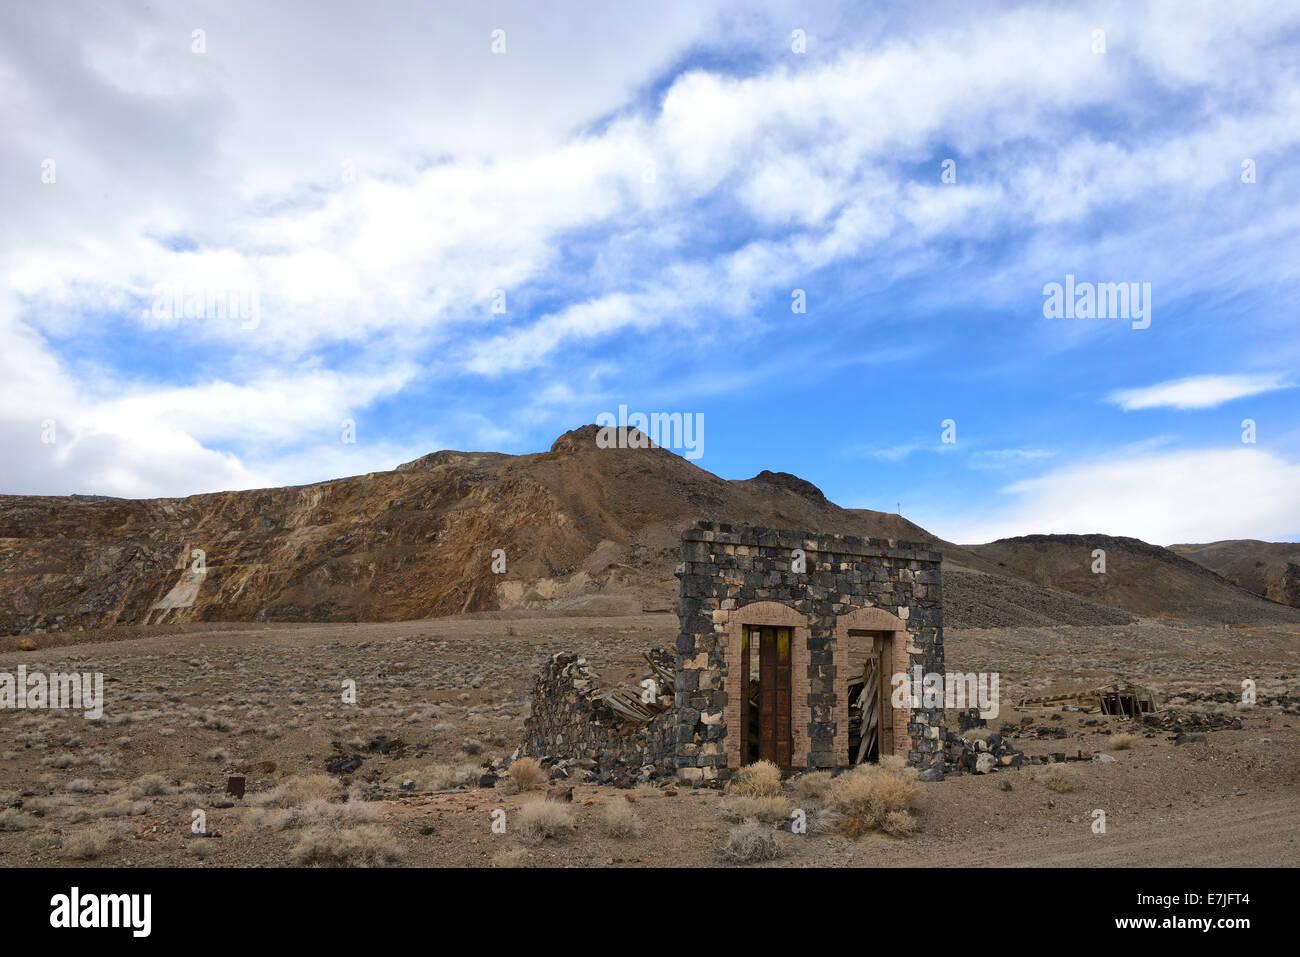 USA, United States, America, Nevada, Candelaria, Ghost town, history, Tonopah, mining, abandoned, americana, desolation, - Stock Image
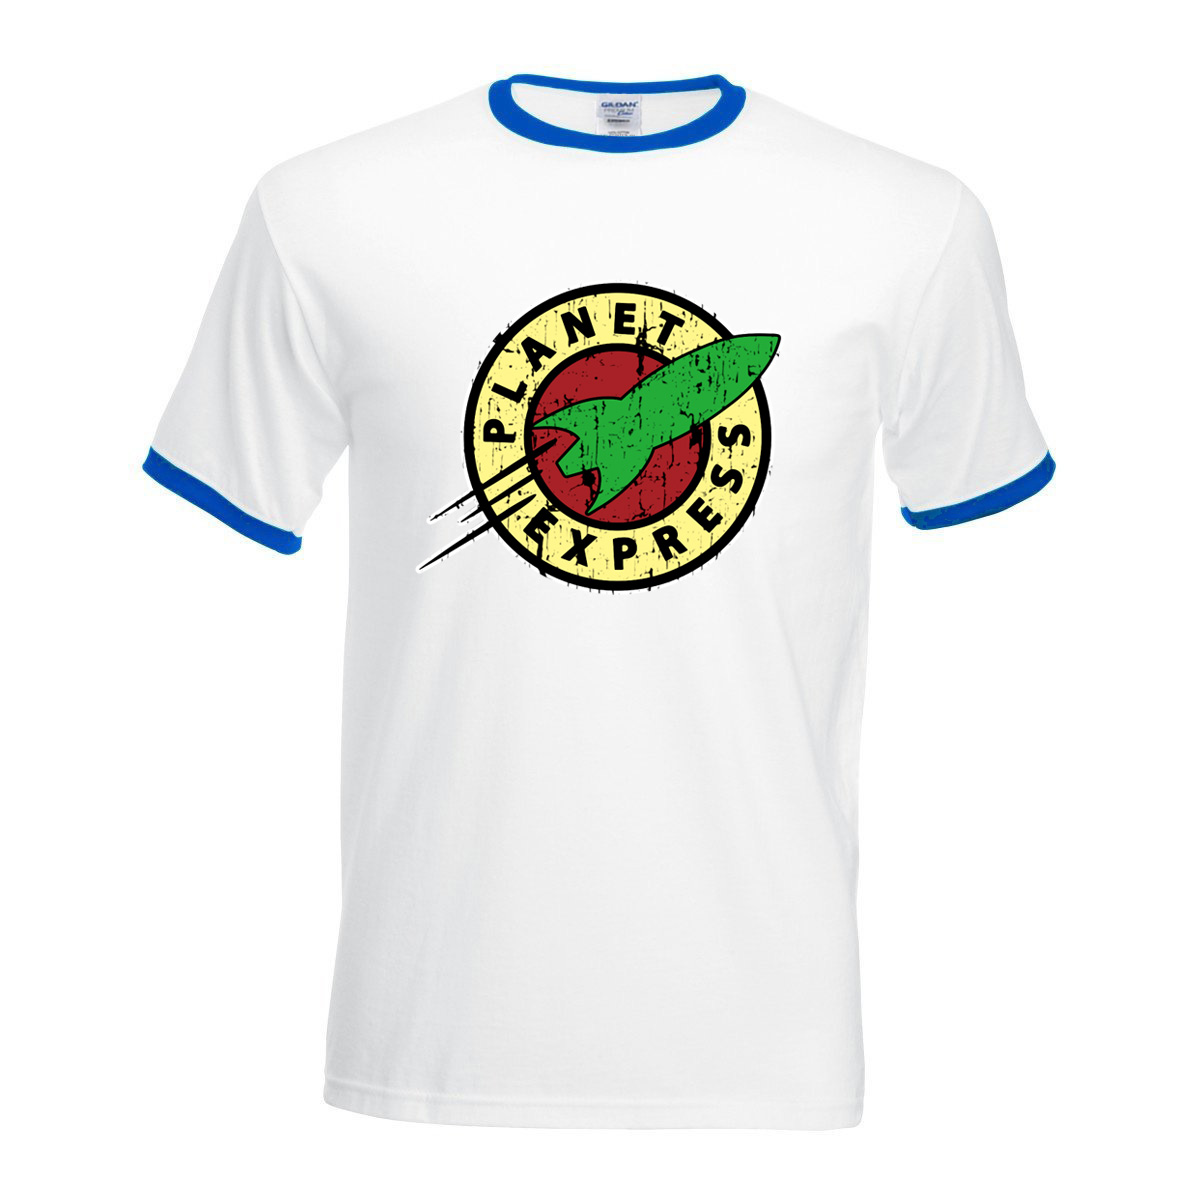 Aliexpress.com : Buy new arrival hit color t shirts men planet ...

⁂

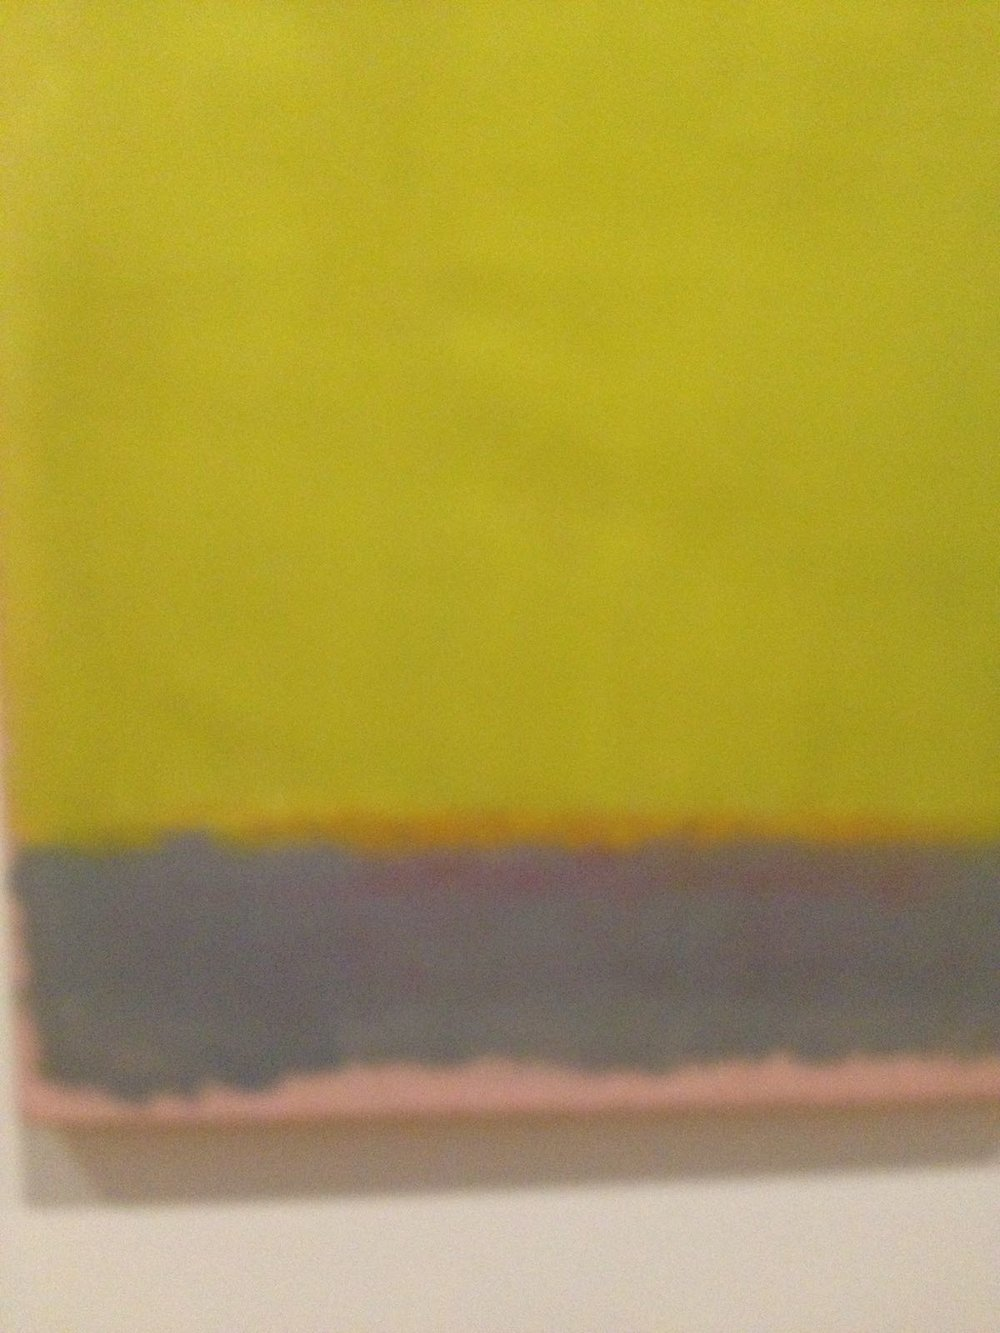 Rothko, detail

⁂

From the records above, output only the lines starting at the one containing "USA, United States, America, Nevada, Candelaria, Ghost" and ending at the one containing "Aliexpress.com : Buy", word for word. Pictures stay out.

## TASK SOLUTION
 USA, United States, America, Nevada, Candelaria, Ghost town, history, Tonopah, mining, abandoned, americana, desolation, - Stock Image
 Aliexpress.com : Buy new arrival hit color t shirts men planet ...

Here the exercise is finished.